## What this task involves
None of the pictures should appear; the lines from the line containing "Elder bone. Кость" through the last line of the listing must be repeated exactly.

***** Dataset section

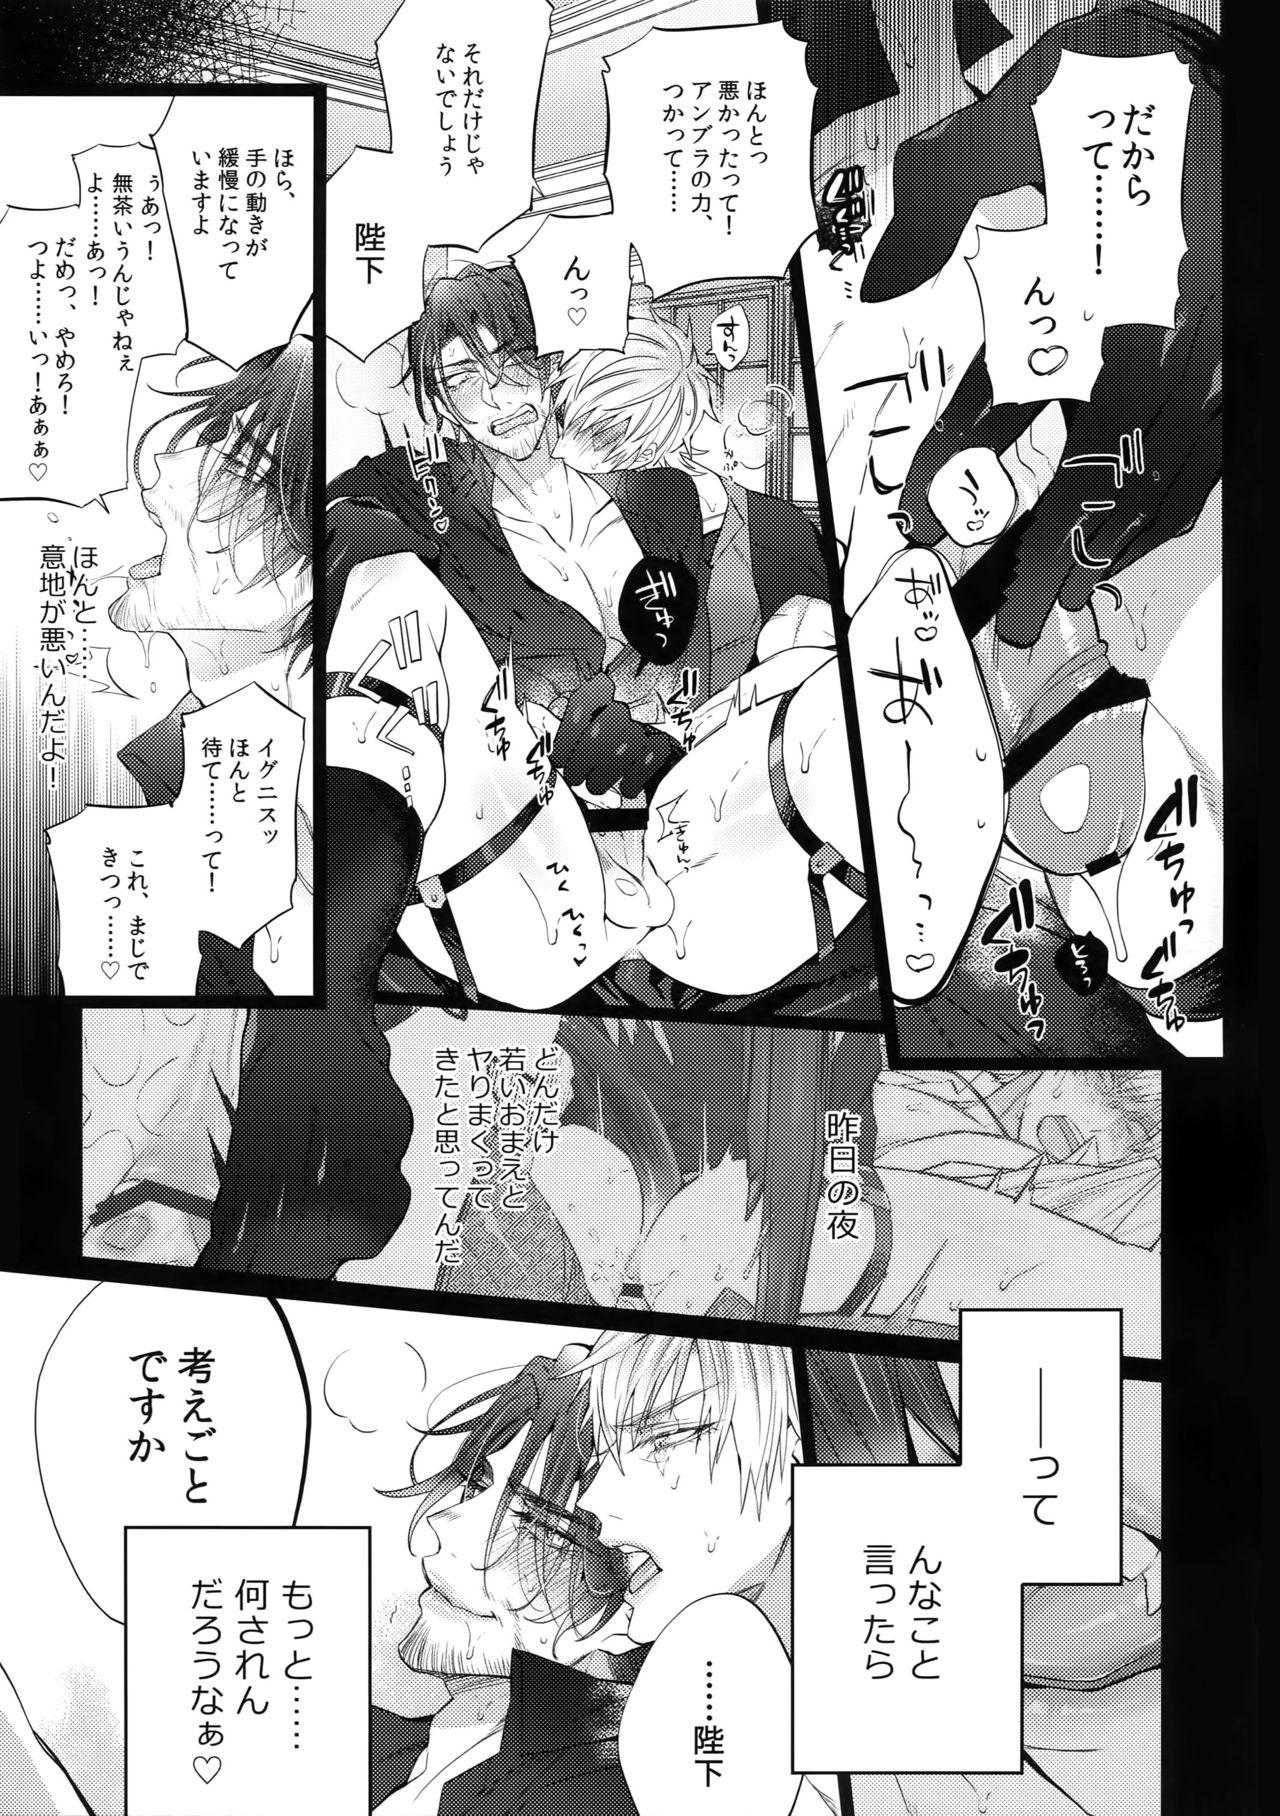 Licking AKUMA DE SOUROU! ITO OKASHI - Final fantasy xv Lips - Page 8
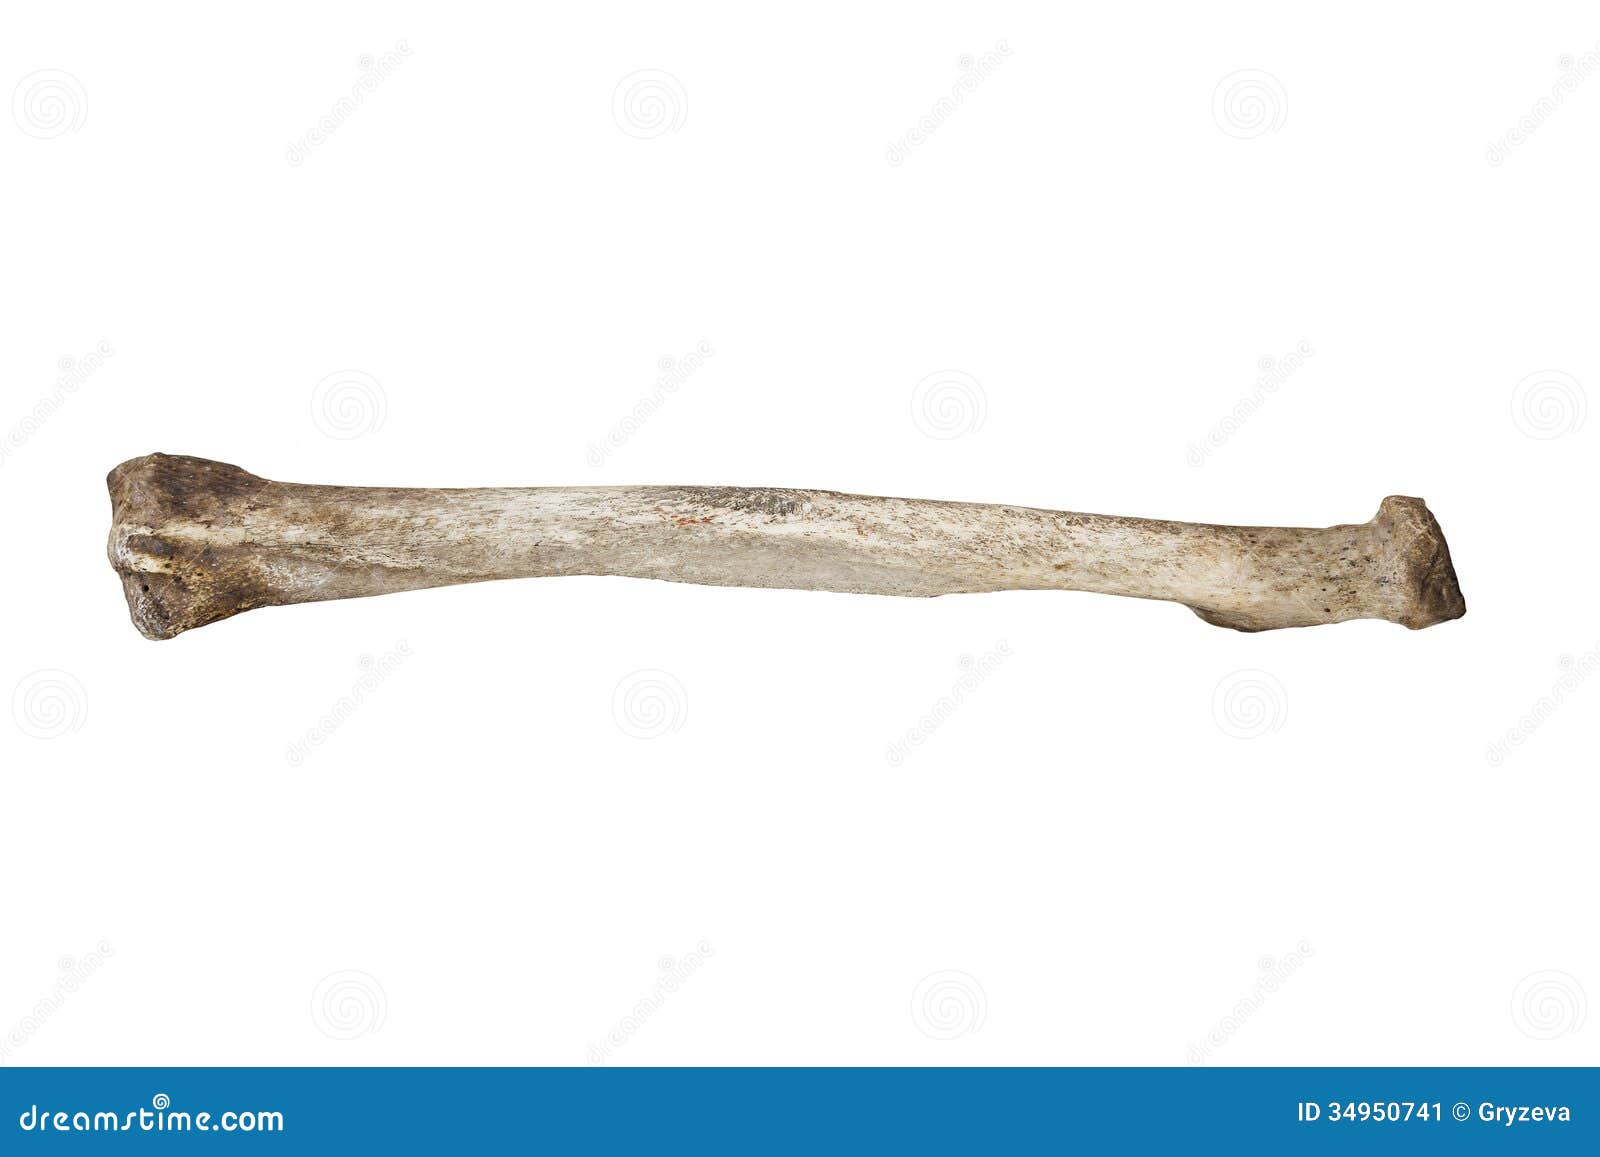 Elder bone. Кость на белом фоне. Текстура древней кости.
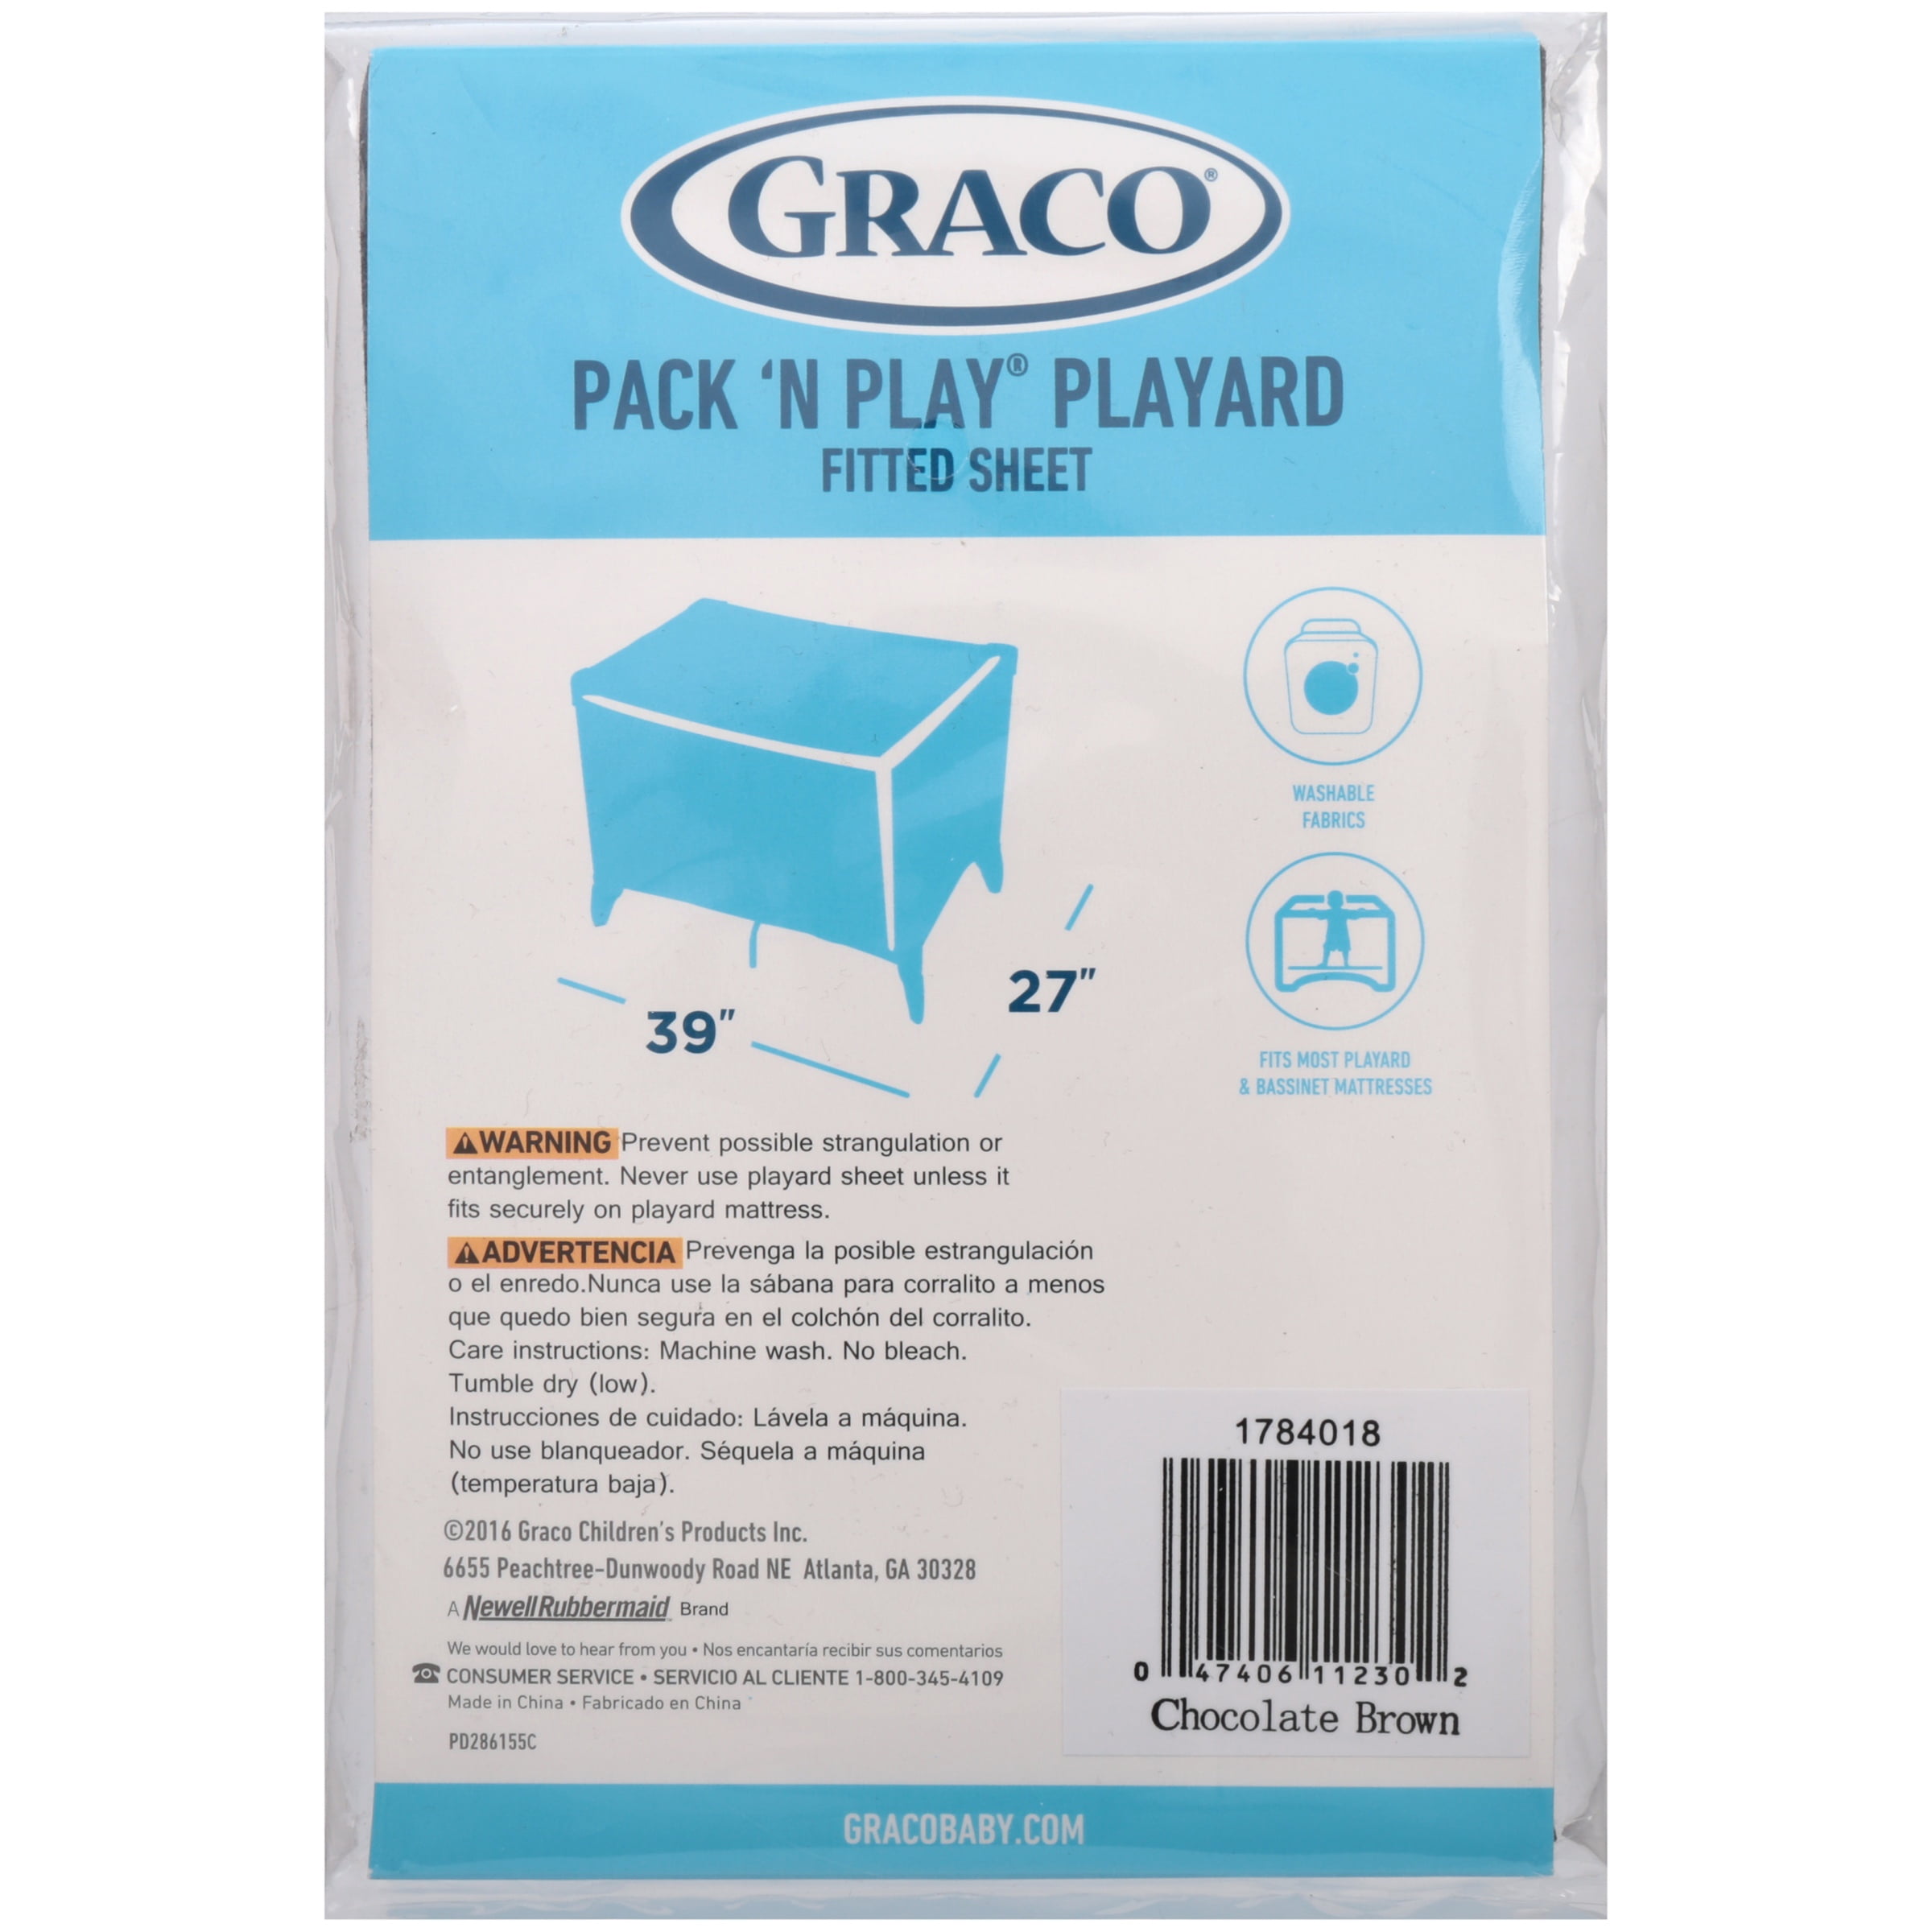 Graco Pack N Play Playard Sheets Hot Sale, 54% OFF | www.digitaldev.com.br

**********

## Your solution
 Elder bone. Кость на белом фоне. Текстура древней кости.
 Graco Pack N Play Playard Sheets Hot Sale, 54% OFF | www.digitaldev.com.br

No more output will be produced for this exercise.